It is important that data items are replicated across data centers to survive failures that happen due to power outages, network failures, and natural disasters.

Nodes Membership

A gossip-based protocol among the nodes propagates membership changes (a node joins or leaves the ring) and maintains an eventually consistent view of membership.

Each node contacts a peer chosen at random every second and the two nodes efficiently reconcile their persisted membership change histories.

Therefore, each storage node is aware of the tokens handled by its peers. This allows each node to forward a key’s read/write operations to the right set of nodes directly.

This obviates the need to maintain a centralized globally consistent view of the failure state.

Failure Detection & Handling

Failure detection and handling avoid failed attempts to read or write, which would have reduced availability and durability even under the simplest of failure conditions.

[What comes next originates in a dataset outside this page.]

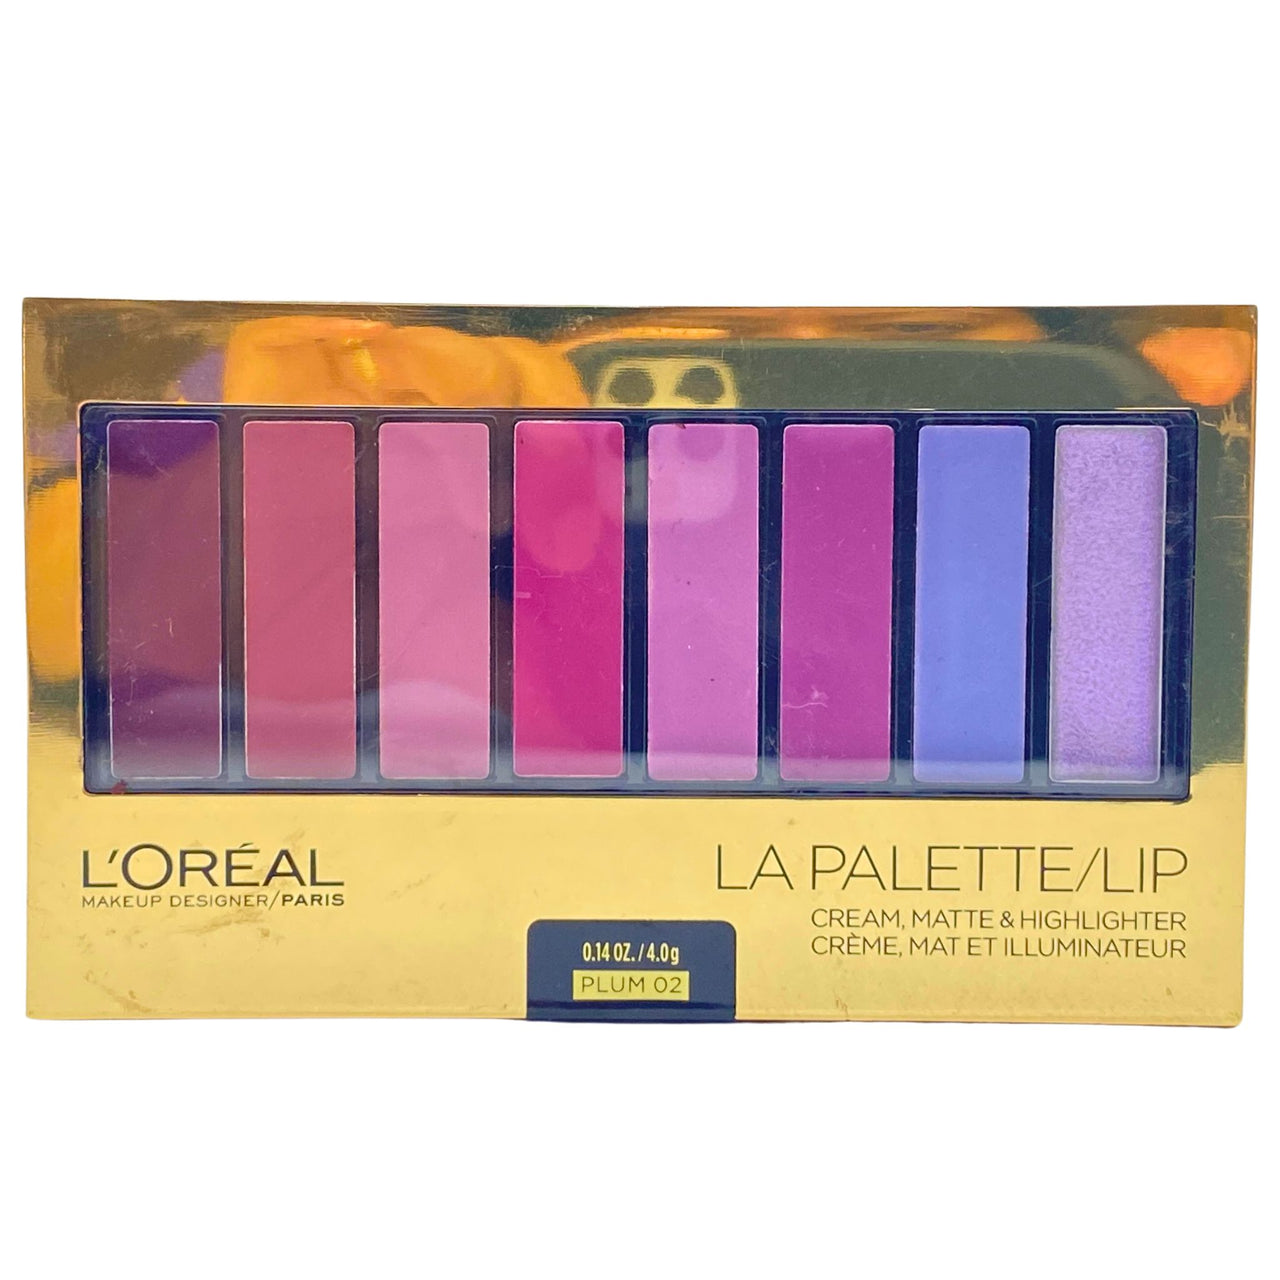 L'Oreal Makeup Designer La Palette/Lip Cream,Matte & Highlighter

— Temporary failures: hinted handoff

Node A may consider node B temporarily down if node B does not respond to node A’s messages. Node A then uses alternate nodes to perform the request; Node A periodically retries B to check for the latter’s recovery.

In the absence of client requests to drive traffic between two nodes, neither node really needs to know whether the other is reachable and responsive.

To handle this, a data item that would normally have lived on B will now be sent to node X (a temporary replica of B). The data item sent to replica X will have a hint in its metadata that suggests which node was the intended recipient of the replica (in this case B).

Nodes that receive hinted data items will keep them in a separate local database that is scanned periodically. Upon detecting that B has recovered, X will attempt to deliver the data to B. Once the transfer succeeds, X may delete the data item from its local store.

Using hinted handoff, we ensure that the write operations are not failed due to temporary node or network failures.

— Long-lasting failures: Replica sync

Node B, under certain conditions such as node outages, might become unavailable for long periods of time, and the hinted data items might not even return to it.

To handle this, a replica synchronization protocol that uses Merkle tree is used to keep the replicas synchronized and detect the inconsistencies.

Merkle tree traversal

A Merkle tree is a hash tree where leaves are hashes of the values of individual keys. Parent nodes higher in the tree are hashes of their respective children. The principal advantage of Merkle tree is that each branch of the tree can be checked independently and in parallel. Moreover, Merkle trees help in reducing the amount of data that needs to be transferred and reduce the number of disk reads performed. Two nodes can traverse their Merkle trees, for the key ranges that they host in common to determine if they have any differences.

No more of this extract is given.